Zaman içerisinde göreceğimiz birçok yenilik ile 2020-2021 eğitim ve öğretim yılı bizi bekliyor. 2002-2018 yılları arasında 17 yıl boyunca tam 16 kez eğitim sisteminde değişikliğe gidildiğine göre yeni eğitim sisteminin üzerinde iyi düşünülmesi ve toplumun ihtiyaçları göz önüne alınarak yapılandırılması gerekir. Toplumun tüm kesimleri için iyi bir eğitim sisteminin oluşturulması ve zorlayıcı değil, ihtiyaca dayalı bir eğitim sisteminin temellerinin atılması toplum nezdinde daha kabule yatkın olacaktır. Aynı şekilde diğer ülkelerdeki eğitim sistemleri incelenebilir; lakin sanayi, tarım, hayvancılık ve ekonomi gibi birçok alanda çağ atlamış ülkelerdeki eğitim sistemleri bizim topraklara bir boy büyük geleceği de dikkatlerden kaçmamalıdır. Çünkü biz daha tarımı ve hayvancılığı adam akıllı yapamıyoruz. Sonra birileri çıkar patates ve soğan fiyatını artırıp ülkeyi kaosun eşiğine getirebilir. Şimdiye kadar herkesi okullu yapmanın ve tek tip eğitim vermenin gayreti içinde olunca ne tarım kaldı ve ne de hayvancılık kaldı. Herkesi üniversite mezunu yapıp masa başı iş vermeye kalkışırsanız bunun altından kalkamazsınız ve sonuç olarak da fabrikalar işçi bulamaz hale gelir ve ülkede üretimi de durdurursunuz.

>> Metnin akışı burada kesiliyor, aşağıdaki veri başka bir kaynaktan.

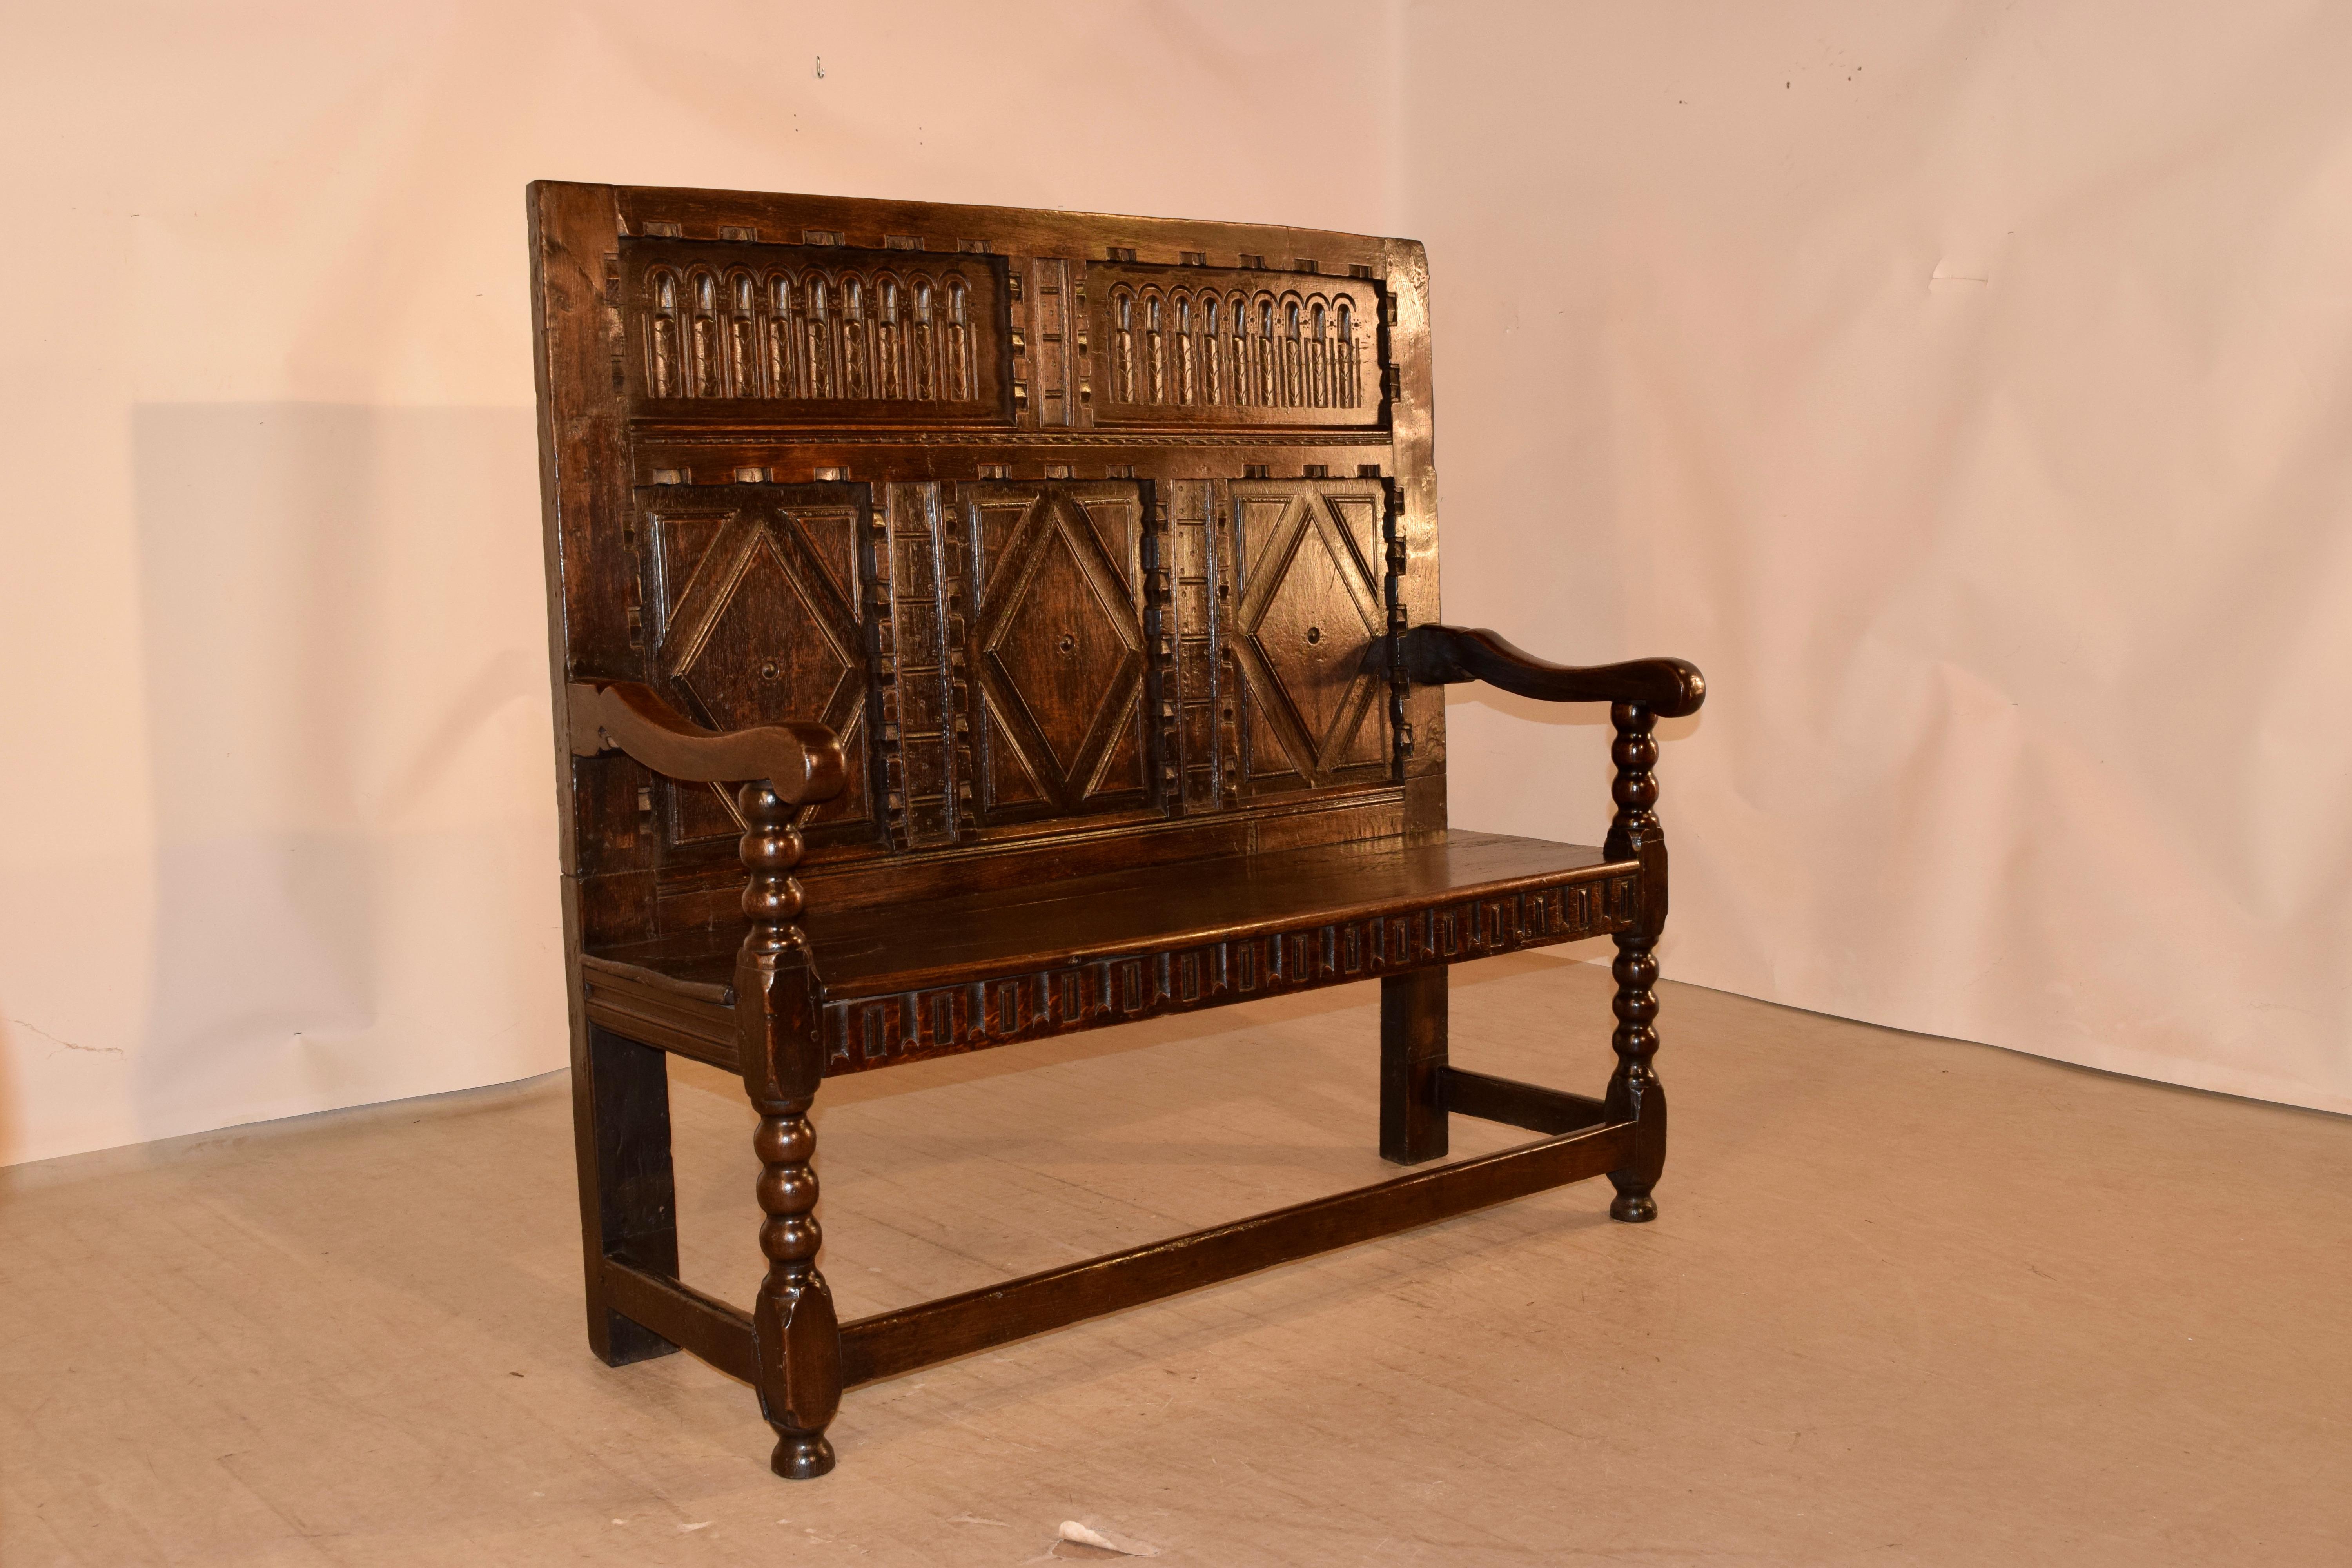 18th century oak settle from England with a wonderfully hand carved decorated and paneled back and rolled arms over hand turned bobbin arms and front legs. The seat height measures 18.75 inches and is over a hand carved apron. The legs are joined by

Yeni eğitim sistemi ile Ziya Öğretmen’in deyimi ile ‘‘Soru çözen bir nesil değil, sorun çözen nesil hedeflenmektedir.’’

Gerçekten son yıllarda sadece soruya odaklı ve sadece sınavı düşünen bir nesil yetiştirdik. Dünya gündeminden, ülke sorunlarından ve hatta kendinden bihaber bir gençlik ülke sokaklarında geleceğimiz olmaya aday. Ben bu gençliğe ‘Hormonlu Gençlik’ diyorum. Yani bize ve bizim değerlerimize yabancı bir gençlik. Tabi gençleri bu hale getiren nedenlerin de üzerinde iyi düşünülmesi gerekir. Var olan bu ‘Hormonlu Gençlik’ bizim eserimiz. Kimse bu sorumluktan kaçamaz. Yeni eğitim hedefi ile bu sorunun nasıl ortadan kaldırılacağı cevaplanması gereken bir sorudur. Sabahtan akşama kadar okulda gerekli ve gereksiz derslerle boğuşan bir öğrencinin ne kendisine ne de ailesine bir faydası olmayacaktır. Bir öğrencinin tüm gününü derslerle, gecesini de test ve ödevlerle, hafta sonunu kurs ve etütlerle doldurursanız bu çocuk sorun falan çözemez. Bu çocuk yine eski düzendeki gibi sadece soru çözer. Tabi çözebilirse. Binlerce öğrencinin üniversite sınavında sıfır çektiğine bakılırsa bu öğrenciler soru da çözemiyor demektir. Yani bu işi de tam yapamıyoruz anlamı çıkar.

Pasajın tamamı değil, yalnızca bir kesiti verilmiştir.